Guidance website Boring Money also points out that the investment propositions often vary greatly across the platforms, as does the performance. It has run a number of "test portfolios" over two years, investing £500 across a number of robo-advice sites to see the effect of charges and performance. One of the companies on our list, Moneyfarm, is the second best performer in Boring Money's analysis - using the site, £500 grew more than 10% to £554 in the two years to the end of January.
"The contributing factors to any relative and short-term underperformance were charging structures, fees and asset allocation," says Boring Money chief executive, Holly Mackay. She says many of these "ready-made portfolios" have very different equity exposures; higher exposure to the stock market would have been better during the bull run of recent years but would have been hit harder in the recent sell-off.
Robo vs Face-to-Face Advice
The argument in favour of robo-advice is that it is “wealth management lite” for those starting out on their investment journey; these customers will then (some providers hope) upgrade to full financial advice once their assets grow or needs become more complex, for example, when they have children, buy a house or receive an inheritance windfall.
The argument against robo-advice is that people’s financial lives often don’t fit into the neat categories offered online and at a certain point it might be better to go and see an adviser. It is also worth bearing in mind, that often it is not all that cheap to use a robo-adviser, with some sites charging upwards of 1%.
Michelmores says the move online hasn’t been driven by a distrust for the advice profession – four-fifths of those surveyed still trusted traditional advisers. Instead it is the sophistication of technology and the convenience factor encouraging more people to use their phone to handle their finances.

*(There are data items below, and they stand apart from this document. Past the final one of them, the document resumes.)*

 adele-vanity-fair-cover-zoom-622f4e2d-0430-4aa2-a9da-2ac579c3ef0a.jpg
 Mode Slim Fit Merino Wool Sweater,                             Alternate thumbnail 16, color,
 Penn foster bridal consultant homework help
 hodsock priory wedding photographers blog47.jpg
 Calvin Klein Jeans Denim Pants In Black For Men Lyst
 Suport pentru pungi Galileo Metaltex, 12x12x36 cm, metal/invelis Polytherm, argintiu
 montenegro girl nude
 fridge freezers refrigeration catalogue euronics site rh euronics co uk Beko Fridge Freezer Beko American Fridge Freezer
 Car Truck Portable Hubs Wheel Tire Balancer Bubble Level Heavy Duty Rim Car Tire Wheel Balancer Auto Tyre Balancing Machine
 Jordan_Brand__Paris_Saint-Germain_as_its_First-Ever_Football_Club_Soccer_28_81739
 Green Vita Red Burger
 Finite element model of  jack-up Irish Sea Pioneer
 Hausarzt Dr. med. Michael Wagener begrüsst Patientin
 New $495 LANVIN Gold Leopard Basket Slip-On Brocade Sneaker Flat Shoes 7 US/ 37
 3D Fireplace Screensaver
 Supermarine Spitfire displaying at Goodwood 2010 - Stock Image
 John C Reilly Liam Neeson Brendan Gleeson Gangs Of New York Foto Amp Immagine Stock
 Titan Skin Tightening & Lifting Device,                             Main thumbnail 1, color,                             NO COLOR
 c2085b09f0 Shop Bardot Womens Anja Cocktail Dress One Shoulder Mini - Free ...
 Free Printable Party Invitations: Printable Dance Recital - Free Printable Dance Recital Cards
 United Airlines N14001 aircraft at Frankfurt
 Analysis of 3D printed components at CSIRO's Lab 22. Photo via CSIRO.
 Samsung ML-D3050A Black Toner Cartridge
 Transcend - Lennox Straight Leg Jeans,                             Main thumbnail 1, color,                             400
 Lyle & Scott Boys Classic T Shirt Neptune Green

Peter Chadborn, director of adviser firm Plan Money, thinks both robo and traditional advice have a role to play in modern financial planning - and that younger people taking automated advice can become the face-to-face customers of the future. One aspect of face-to-face advice that robo can't replicate, he says, is empathy and reassurance, particularly when a client has to make an once-in-a-lifetime decision such as: can I afford to retire? He also understands why some people "go robo" for investments but prefer human contact for financial planning.
The langcat likes robo firms that offer some financial advice, even if it is restricted to a provider’s products, because it opens up the possibility of recourse: “Advice is good, becuause if it ends up being wrong you might be able to claim against the provider.” The firm also recommends investing with a robo-adviser that is covered by the Financial Services Compensation Scheme (FSCS) as that will pay out up to £85,000 if the provider goes under. For those looking to invest with a well-respected brand, the langcat recommends Santander and Nutmeg. And for those looking for a low-cost option, it prefers OpenMoney.